Is Two Weeks in France Enough?

Two weeks is the sweet spot for France. It gives you time to do Paris properly, explore two or three regions, and still slow down long enough to feel like you are actually somewhere — rather than just moving between sights.

A one-week trip forces hard choices. A month is a luxury. Two weeks in France gives you genuine flexibility: time for an unplanned afternoon in a market town, a long lunch that stretches into the evening, or a spontaneous detour to a village you spotted from a train window.

How to Divide Your Two Weeks in France

The most natural way to structure two weeks in France is to start and end in Paris, with a regional loop in between. You arrive jet-lagged, spend two or three days in the capital getting your bearings, then head south or west before returning to Paris for your flight home.

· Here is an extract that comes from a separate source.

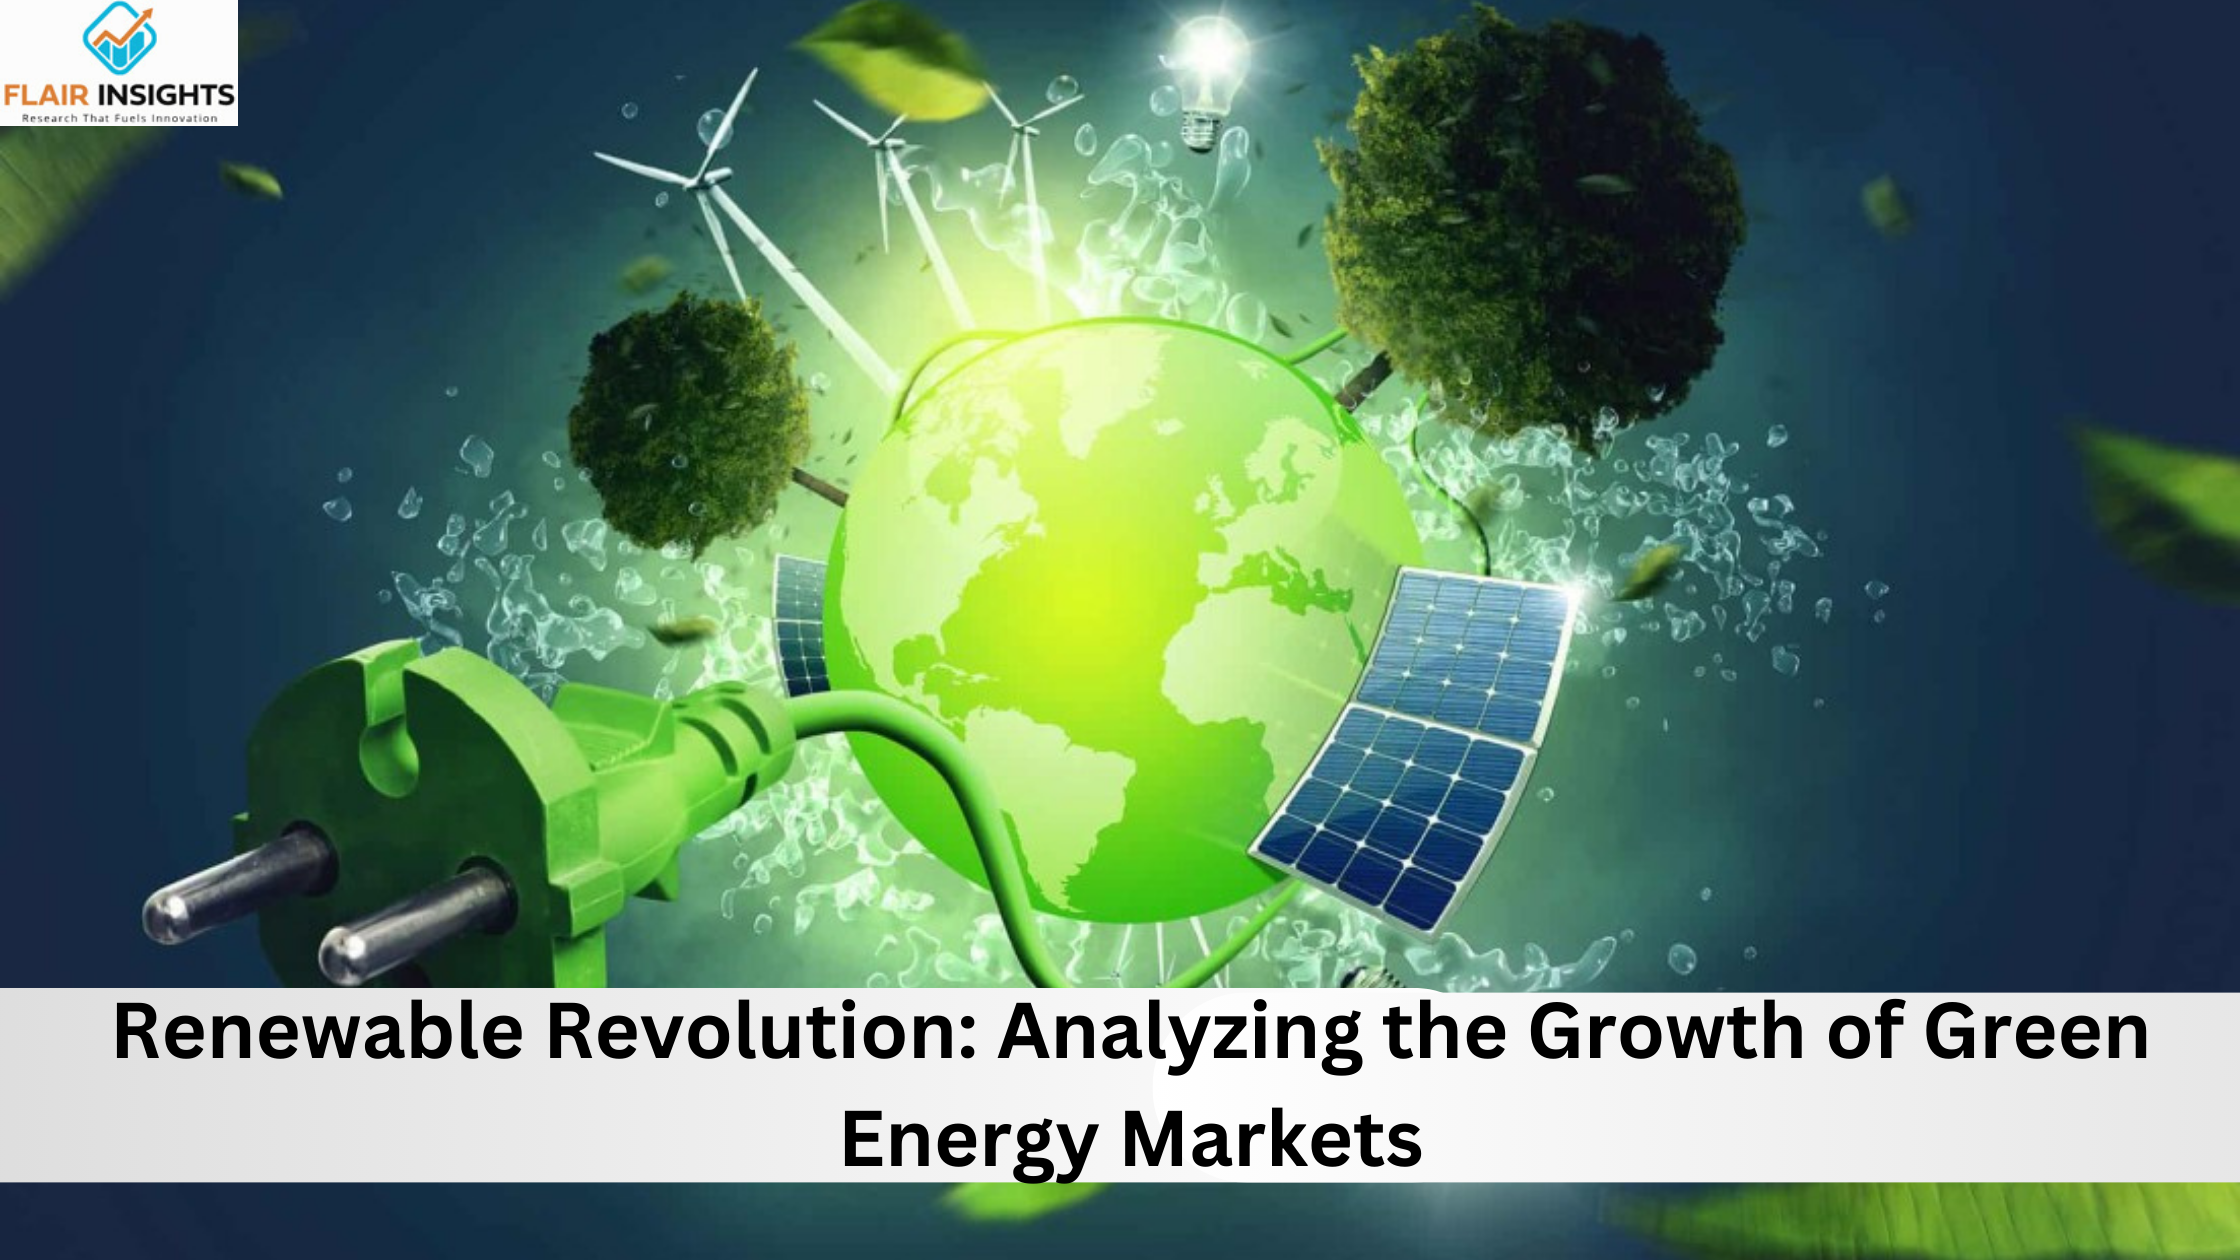 Renewable Revolution: Analyzing the Growth of Green Energy Markets

A framework that works well for most first-time visitors:

  • Days 1–3: Paris
  • Days 4–6: Loire Valley
  • Days 7–9: Bordeaux and the Dordogne
  • Days 10–12: Provence
  • Days 13–14: The French Riviera

This route moves roughly south and west from Paris before looping to the Mediterranean coast. You can adapt it depending on your priorities — swap Bordeaux for Brittany, or the Riviera for Alsace, and the structure still holds.

Days 1–3: Paris

Start in Paris. Even if you have visited before, the city earns two full days at a minimum. Three is better.

Day 1: Arrive and Orient

On your first day, walk the Seine. Cross the bridges, find your bearings, and end up somewhere near the Eiffel Tower at dusk. Keep it simple. Save the museums for day two when your body clock has had time to settle.

Day 2: The Louvre and the Marais

Spend your morning at the Louvre or the Musée d’Orsay — pick one, not both. In the afternoon, walk the Marais district. The streets around Place des Vosges are some of the finest in Paris, and the neighbourhood has excellent food markets and independent cafés.

Day 3: A Day Trip Out of the City

On day three, take a half-day excursion outside Paris. Versailles is the obvious choice and genuinely extraordinary. Giverny — Monet’s garden in Normandy — is wonderful in spring and early summer. Both are under two hours by public transport from central Paris.

Days 4–6: The Loire Valley

The Loire Valley sits about 90 minutes south of Paris by TGV. It is the heart of château country — the region where French royalty chose to spend their summers for two centuries, leaving behind more than 300 castles along the river and its tributaries.

You do not need to visit every château. Pick three or four and take your time at each one. Chambord is unmissable — its rooftop terrace and extraordinary double-helix staircase (attributed to Leonardo da Vinci) reward every minute you spend there. Chenonceau, which spans the River Cher on graceful stone arches, is arguably the most beautiful building in France.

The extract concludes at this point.